── STORED DATA ──

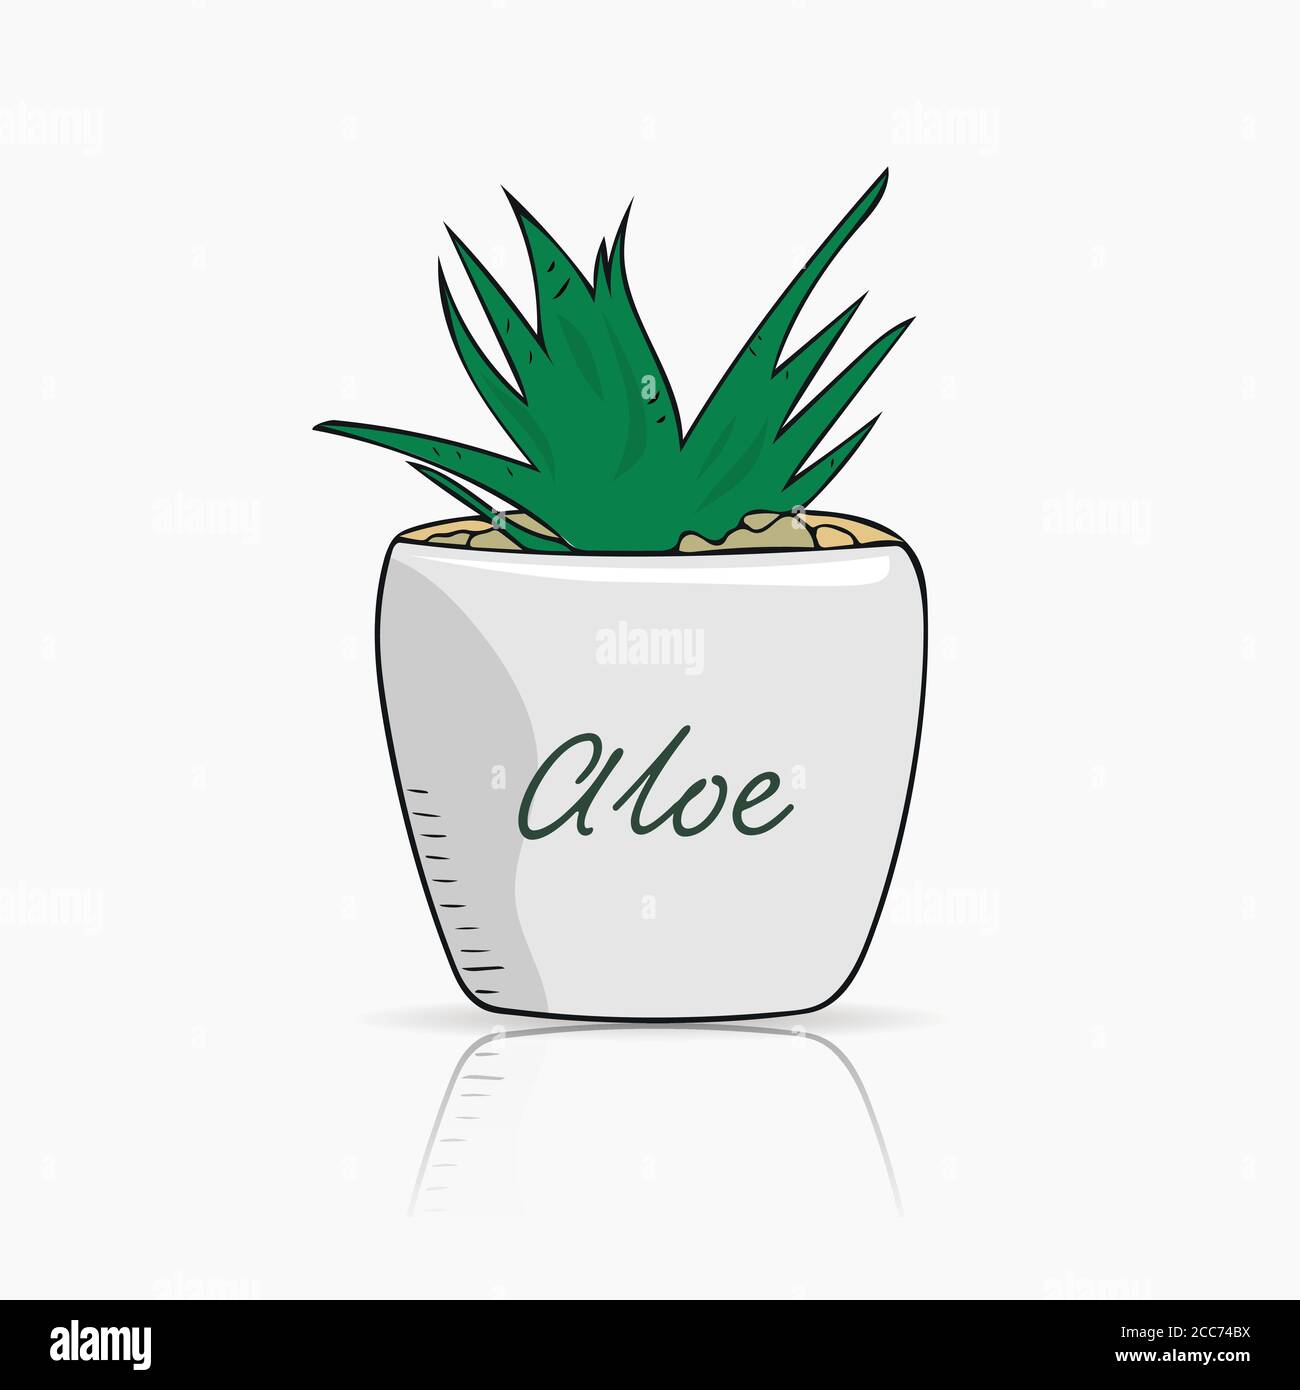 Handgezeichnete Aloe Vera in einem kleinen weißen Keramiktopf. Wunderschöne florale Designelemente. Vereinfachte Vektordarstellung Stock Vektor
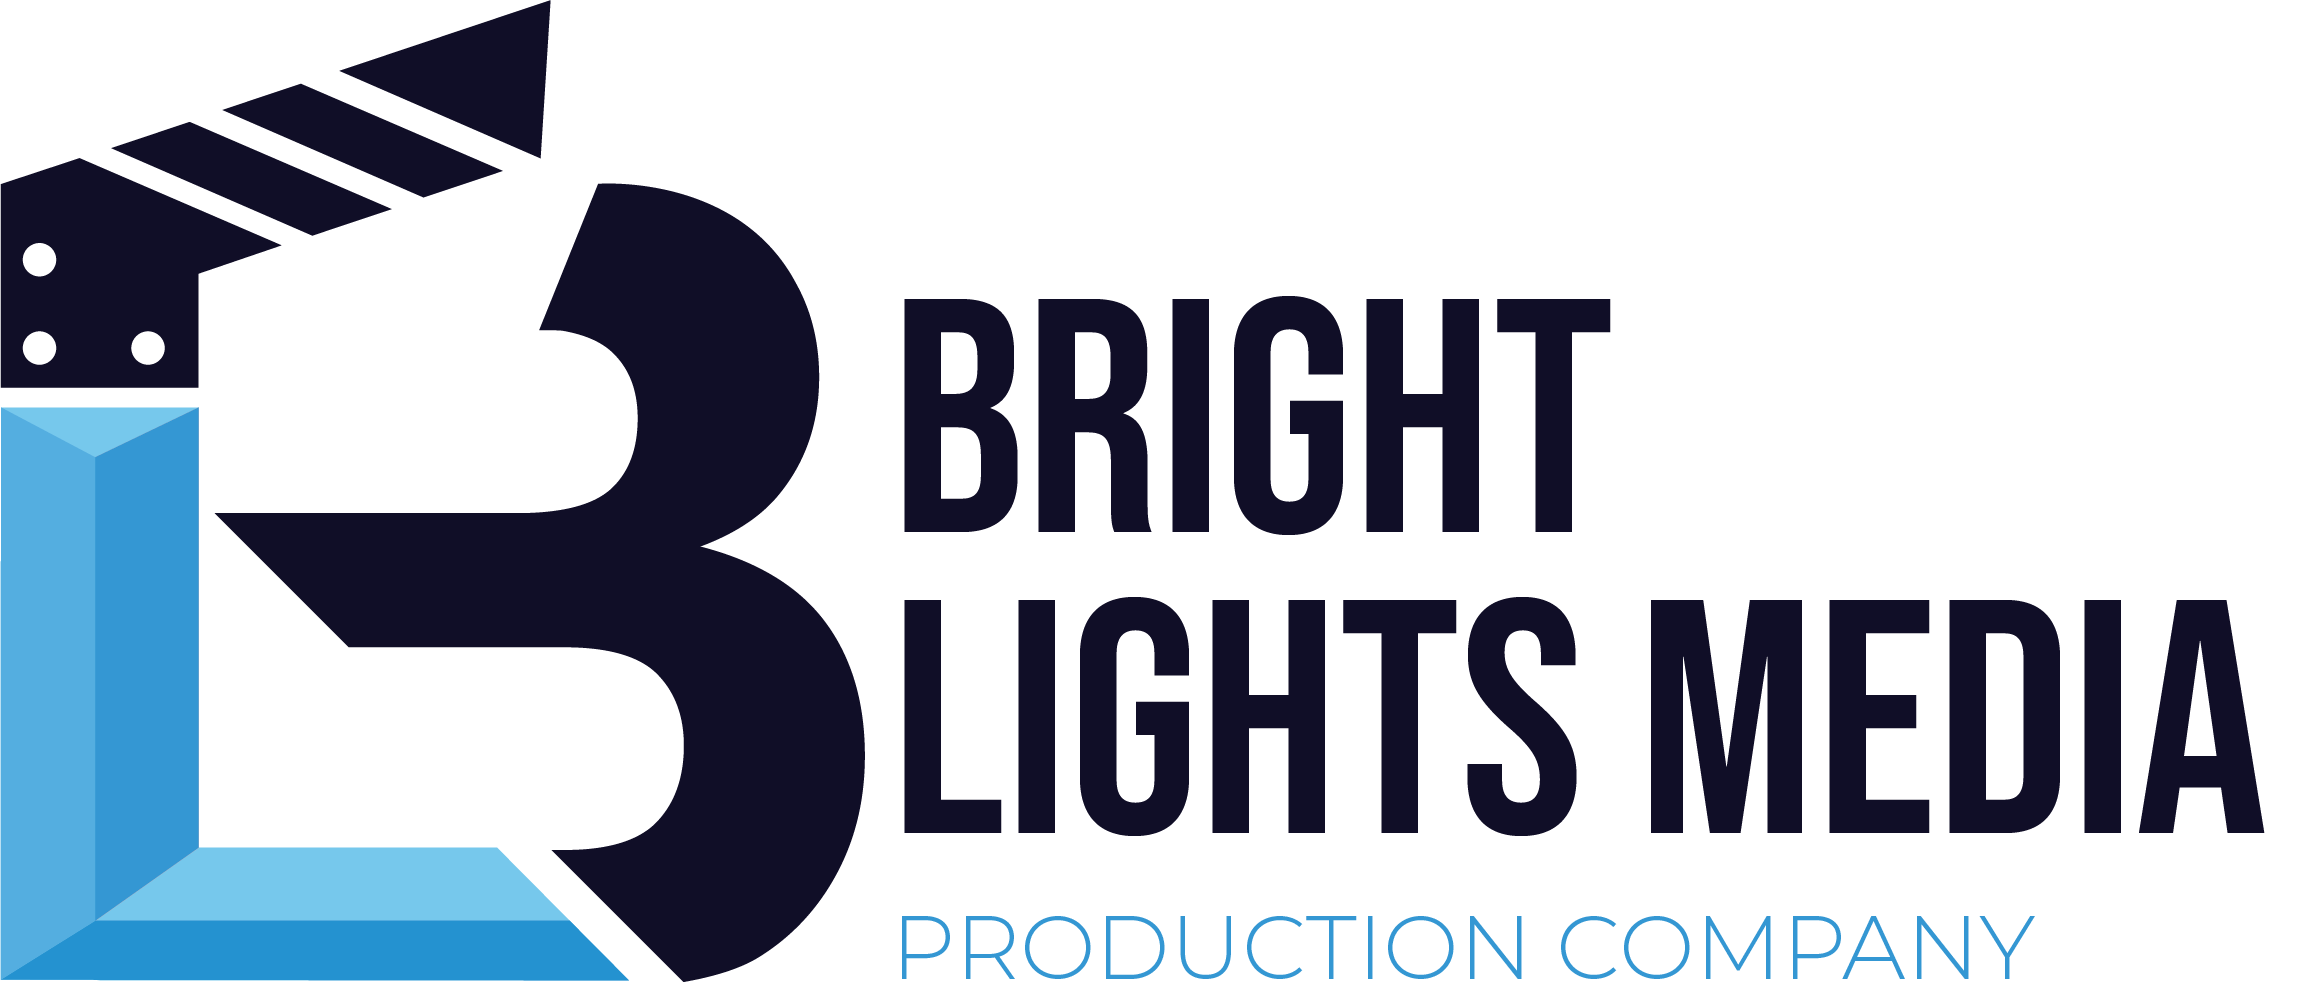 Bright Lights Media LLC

───
── STORED DATA ──

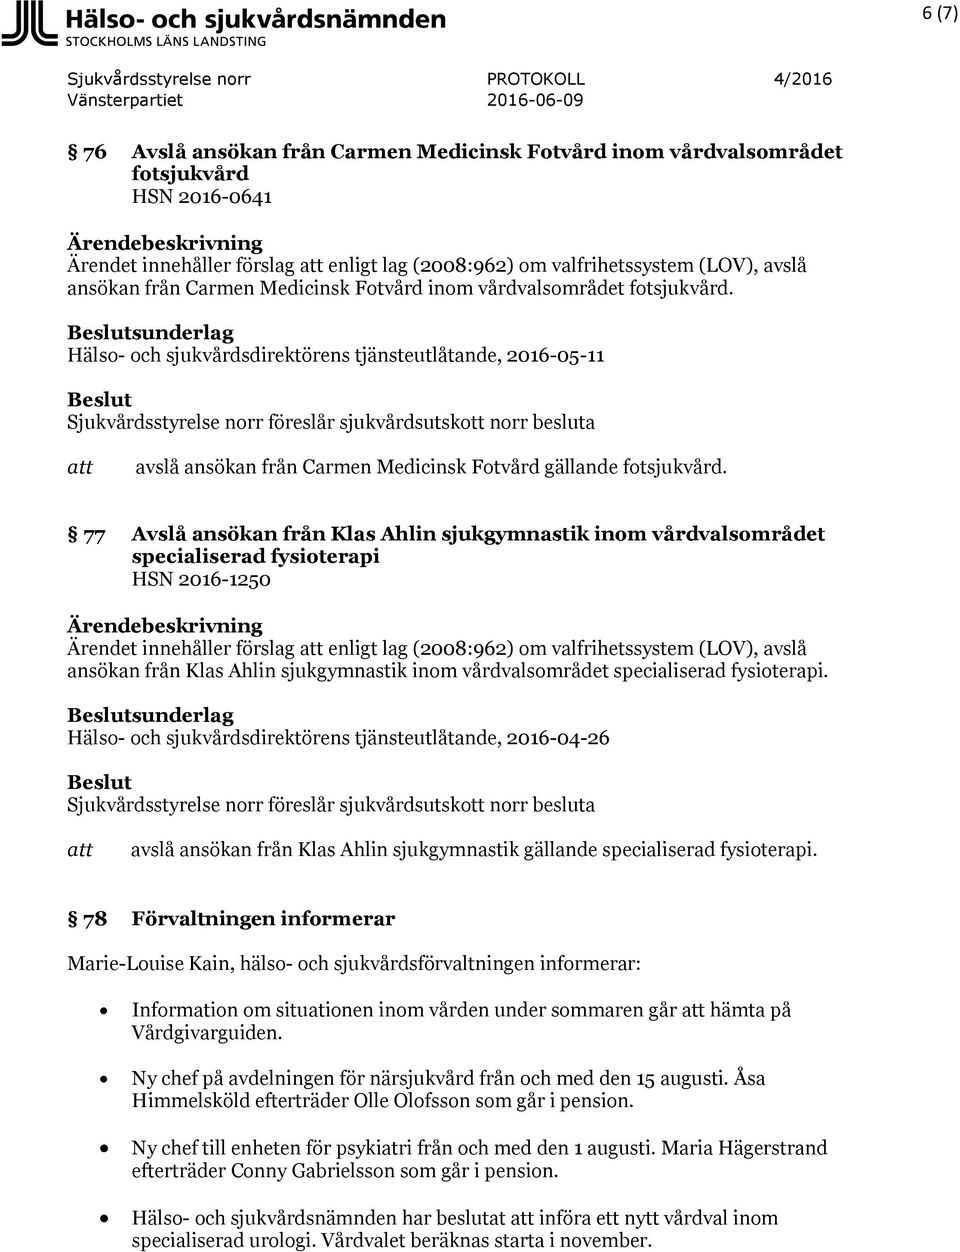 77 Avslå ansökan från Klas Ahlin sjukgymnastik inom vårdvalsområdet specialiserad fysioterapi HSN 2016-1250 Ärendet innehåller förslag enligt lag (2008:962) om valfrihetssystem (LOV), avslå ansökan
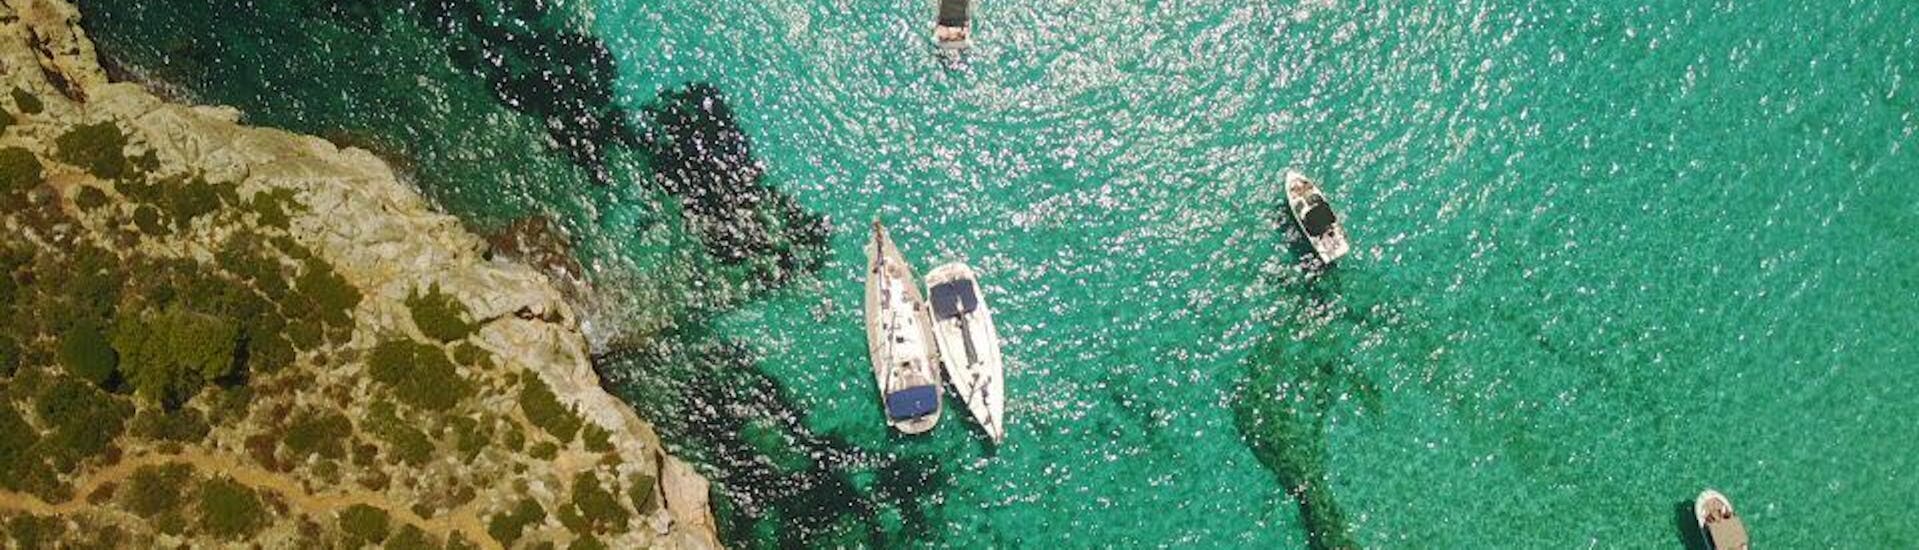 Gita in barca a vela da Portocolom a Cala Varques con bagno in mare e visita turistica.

───

# WHAT THE TASK REQUIRES
Would you print exactly the lines in the listing above, from the line bearing "77 Avslå ansökan" through the line bearing "Gita in barca", leaving out all pictures?

# THE COMPLETED TASK
 77 Avslå ansökan från Klas Ahlin sjukgymnastik inom vårdvalsområdet specialiserad fysioterapi HSN 2016-1250 Ärendet innehåller förslag enligt lag (2008:962) om valfrihetssystem (LOV), avslå ansökan
 Gita in barca a vela da Portocolom a Cala Varques con bagno in mare e visita turistica.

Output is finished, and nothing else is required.